Thanks for the explanation.  Sure is a bummer that I bought this thing and now it's just a big NAS for my purposes.  I really didn't think what I was attempting to do was so complicated. 

12 Posts

March 19th, 2009 14:00

Thinking about this some more makes me wonder how database clusters work?  It seems like multiple boxes would have to read/write to the database simultaneously.  How does that work?

9.3K Posts

March 23rd, 2009 12:00

Thinking about this some more makes me wonder how database clusters work?  It seems like multiple boxes would have to read/write to the database simultaneously.  How does that work?

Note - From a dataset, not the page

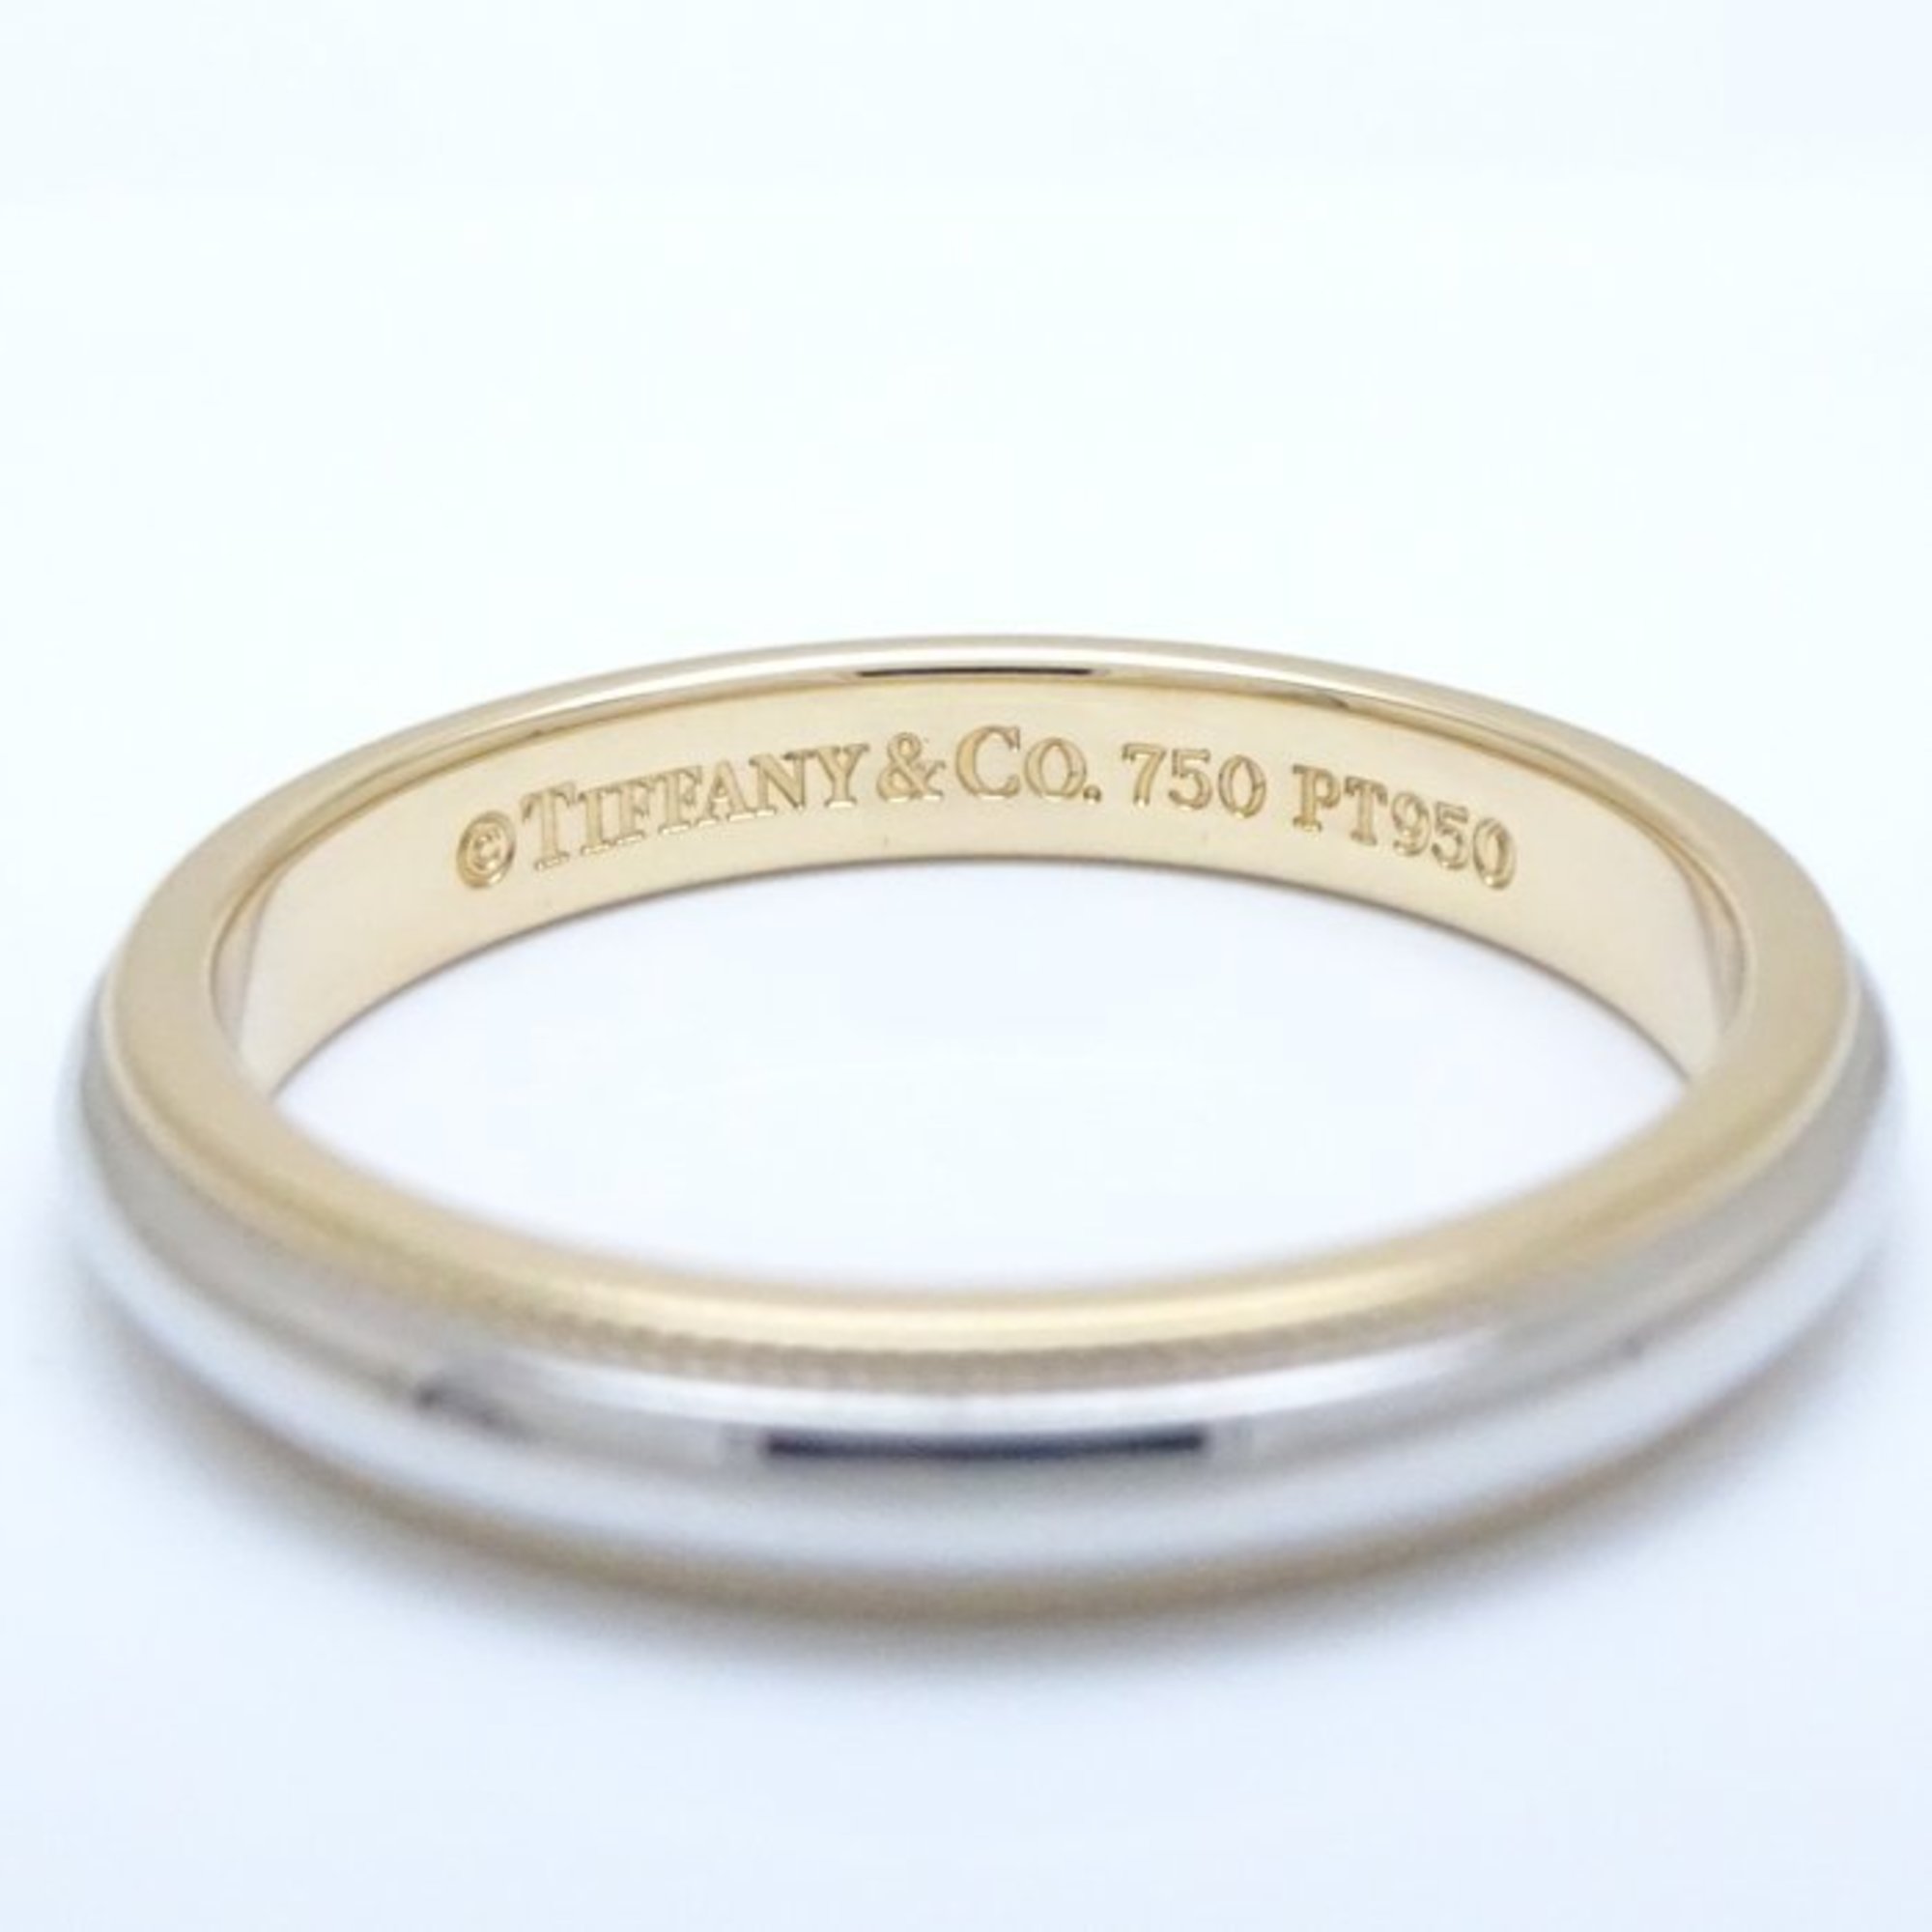 TIFFANY&Co. Tiffany Milgrain Ring, Combination Color, K18YG Yellow Gold x Pt950 Platinum, 291614

Most clusters are set up active/passive. With those 1 server does everything and the other server is just sitting there doing nothing till the first server fails, or you move the cluster resource group to this server (e.g. scheduled maintenance).

 

To do an active/active cluster you need multiple virtual disks.

If for instance you want to run 2 SQL databases, you would create:

- Q-drive: Quorum (for the cluster itself) -> part of "Cluster Group" in cluster admin

- K-drive: Datastore for database 1 -> part of a different cluster resource group; e.g. "SQL Database 1"

- L-drive: Transaction log store for database 1 -> part of "SQL Database 1"

- M-drive: Datastore for database2 -> part of "SQL Database 2"

- N-drive: Transaction log store for database 2 -> part of "SQL Database 2"

 

This way 1 SQL instance runs on 1 cluster node and uses K and L, and the other SQL instance (different database) uses M and N on the other cluster node.

 

Microsoft's Cluster Service doesn't have a way to allow both servers to actively read from and write to the same disk simultaneously.